# sCRN implementation of the Brusselator as a reaction-diffusion system
#
# The classical Brusselator (cf Wikipedia) is described as
#    A ->{1} X
#    X + X + Y ->{1} X + X + X
#    B + X ->{1} Y + D
#    X ->{1} E
#
# where all rate constants are 1 (with units relative to nM and s),
# A is held at concentration 1 (nM), and B is held at concentration 3 (nM).
# So the first reaction occurs at rate (1 nM)(1 /s), and the
# second reaction occurs at rate [X]^2 [Y] (1 /nM/nM/s), etc.

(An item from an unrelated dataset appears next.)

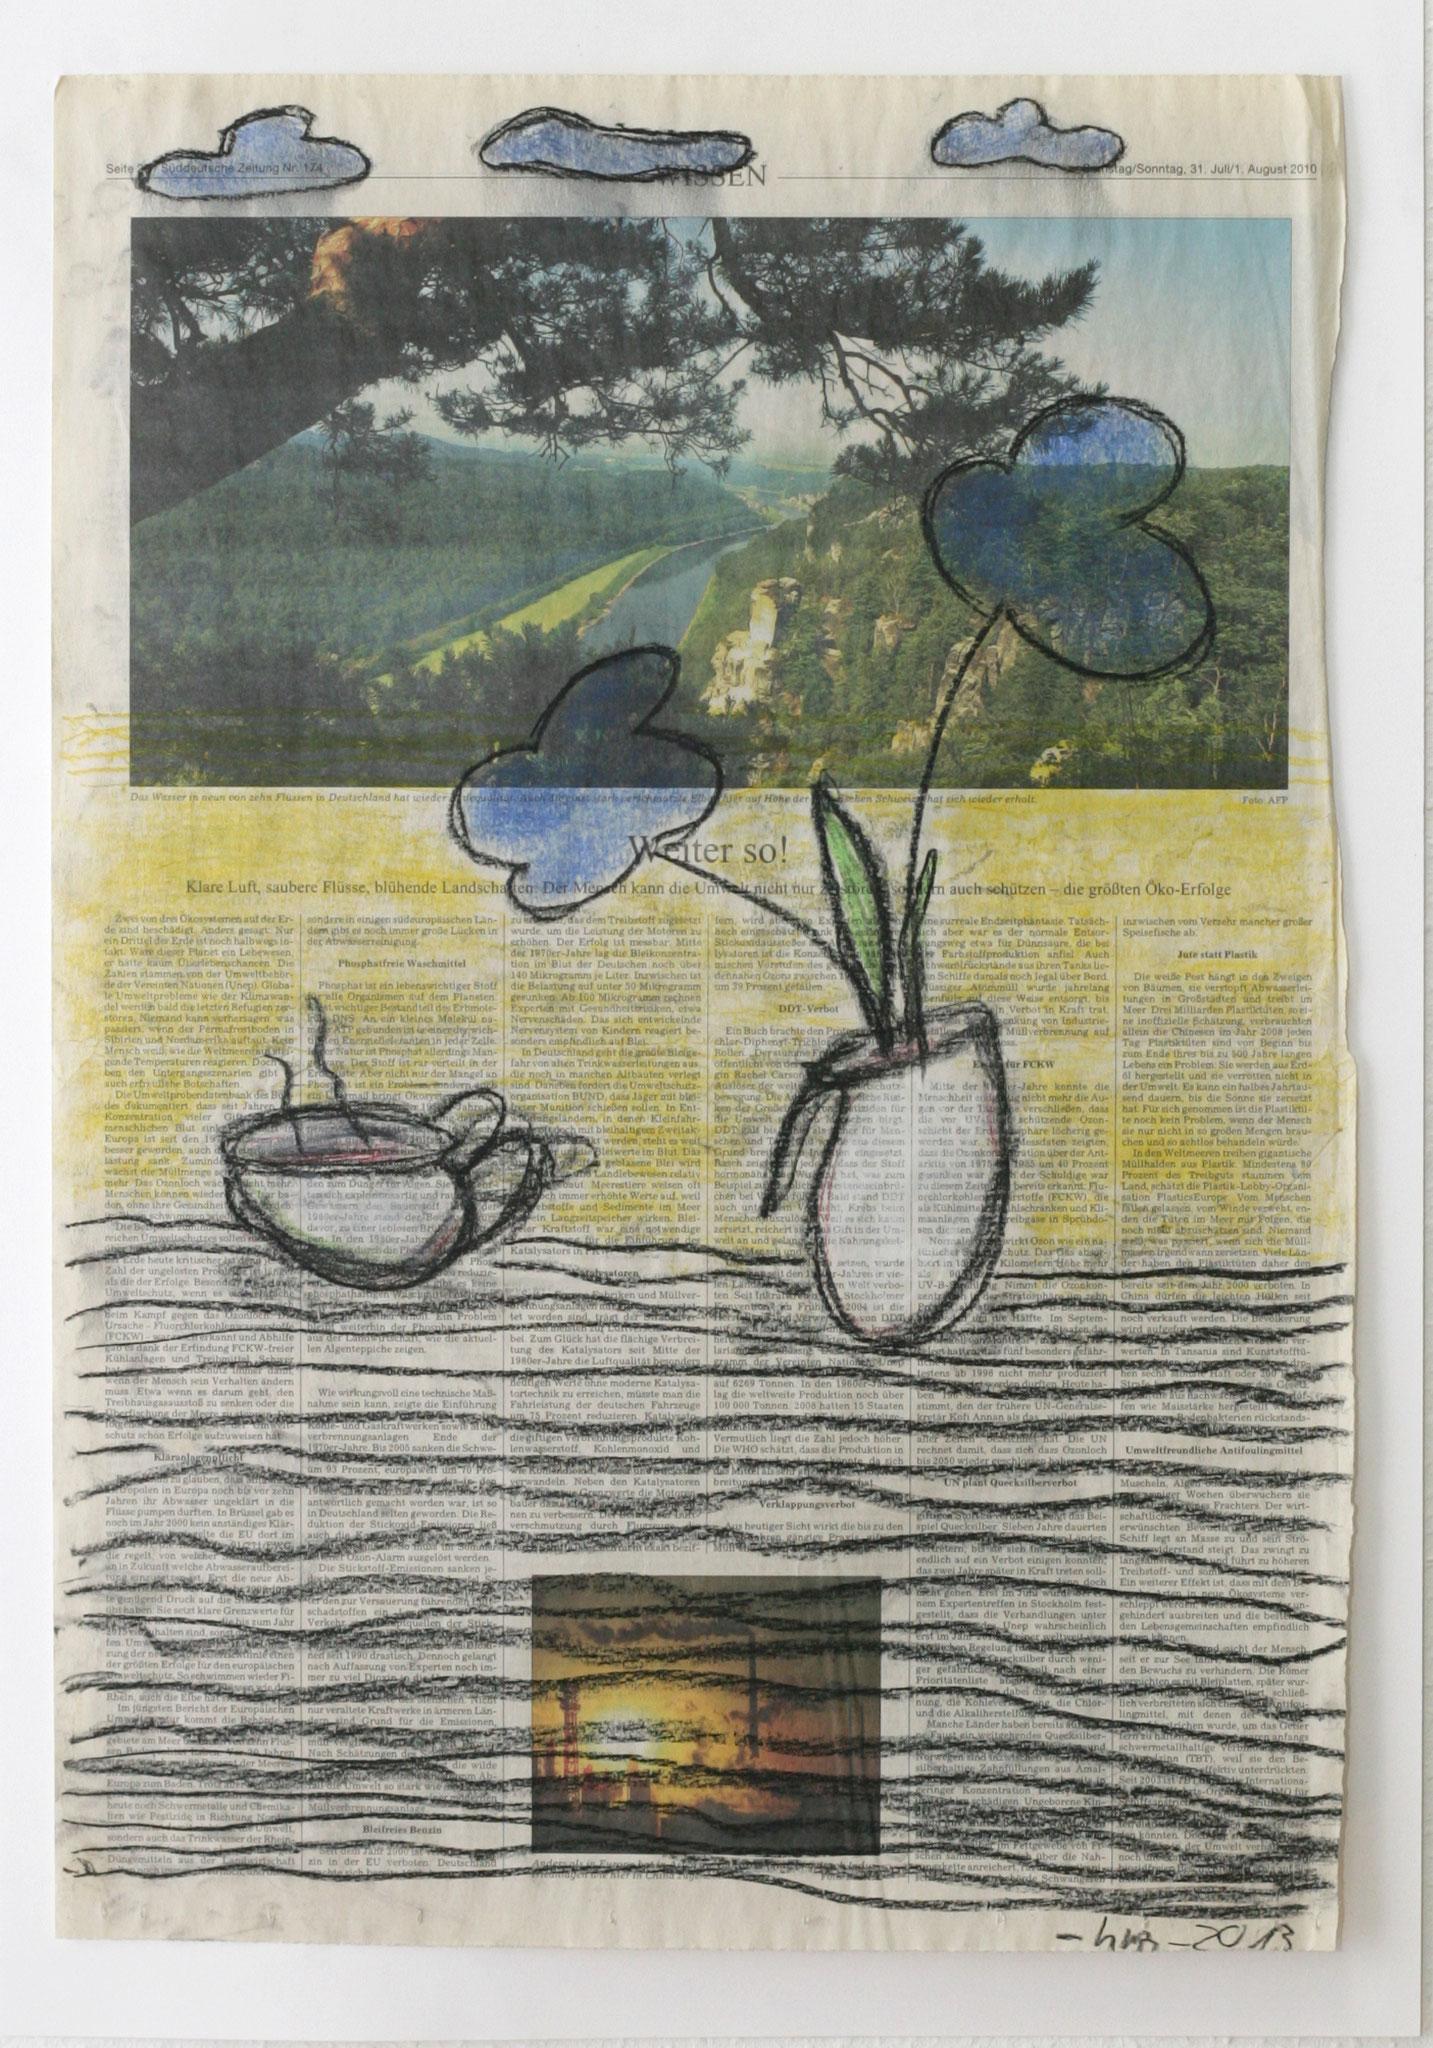 schön - 2013 - Kohle, Pastellkreide auf Zeitung - 57 x 40 cm
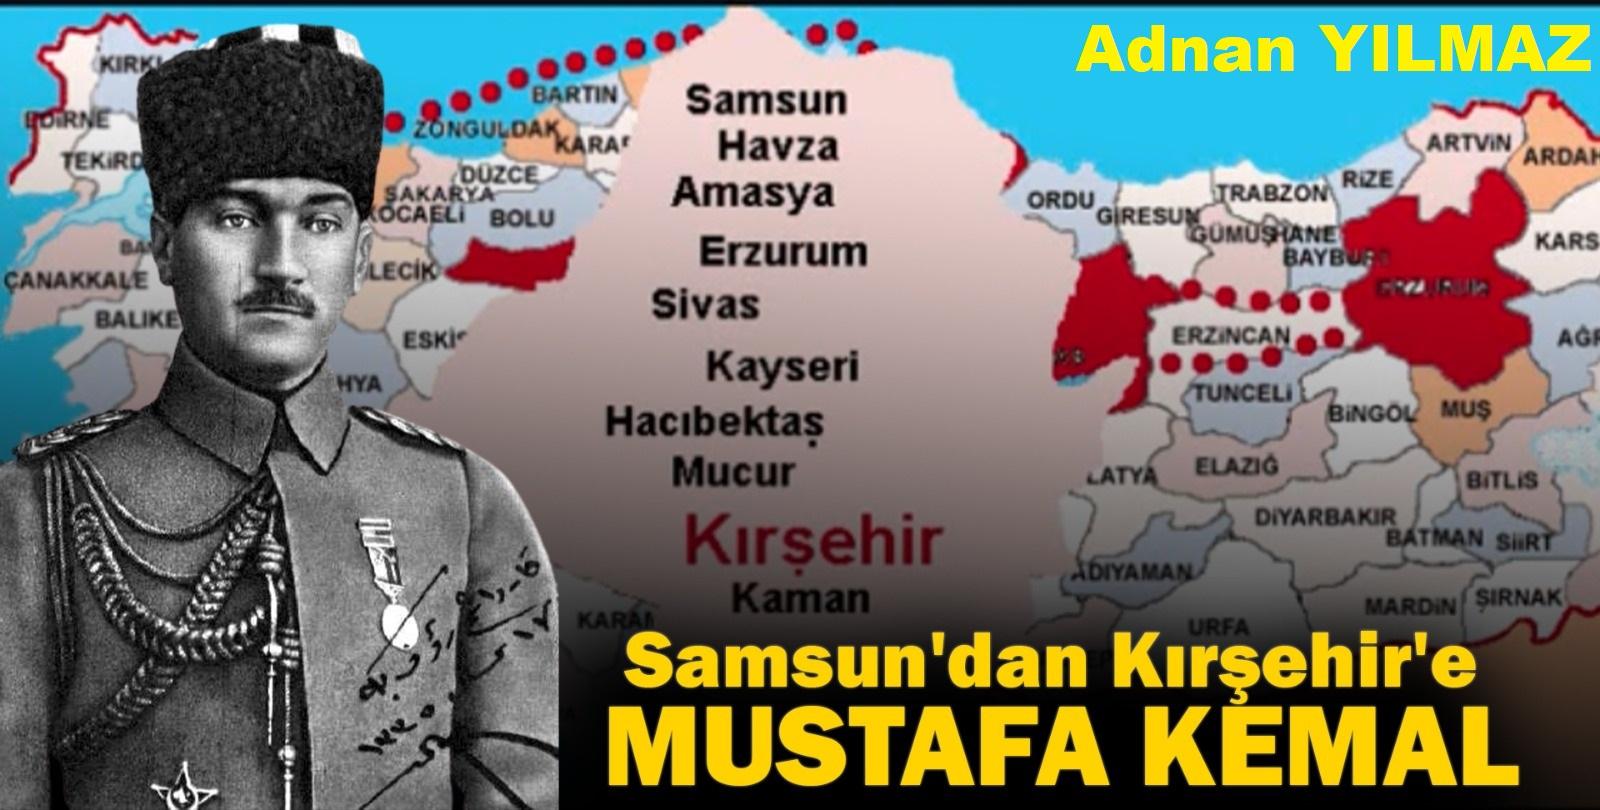 Samsun'dan Kırşehir'e, MUSTAFA KEMAL

# In bulk mass-action ODE simulations, this oscillates with a period of
# about 8 seconds, with concentrations of X between 0.5 and 3.5 nM, and
# Y between 1 and 4.5 nM.  Henceforth, the reservoir species A, B, D, E
# will be factored directly into rate constants and otherwise ignored.
#
# To implement this as a surface CRN, there are three challenges: (1) to
# accommodate the fact that surface CRNs use only unimolecular and
# bimolecular reactions, (2) to translate from bulk ODE semantics to
# stochastic semantics, and (3) to address differences between well-mixed
# solutions and spatially-organized surfaces.  We won't be concerned about
# achieving an exact quantitative match; we just want to ensure that we
# stay within the qualitative oscillatory regime.
#
# To address the first challenge, we will approximate the trimolecular reaction via
#    X + X ->{10} XX
#    XX ->{20} X + X
# to establish a reasonably pseudoequilibrium where [XX] is proportional to [X]^2,
# plus the actual catalytic reaction
#    XX + Y ->{1} XX + X
# whose effective rate will therefore scale as [X]^2 [Y] as desired (roughly).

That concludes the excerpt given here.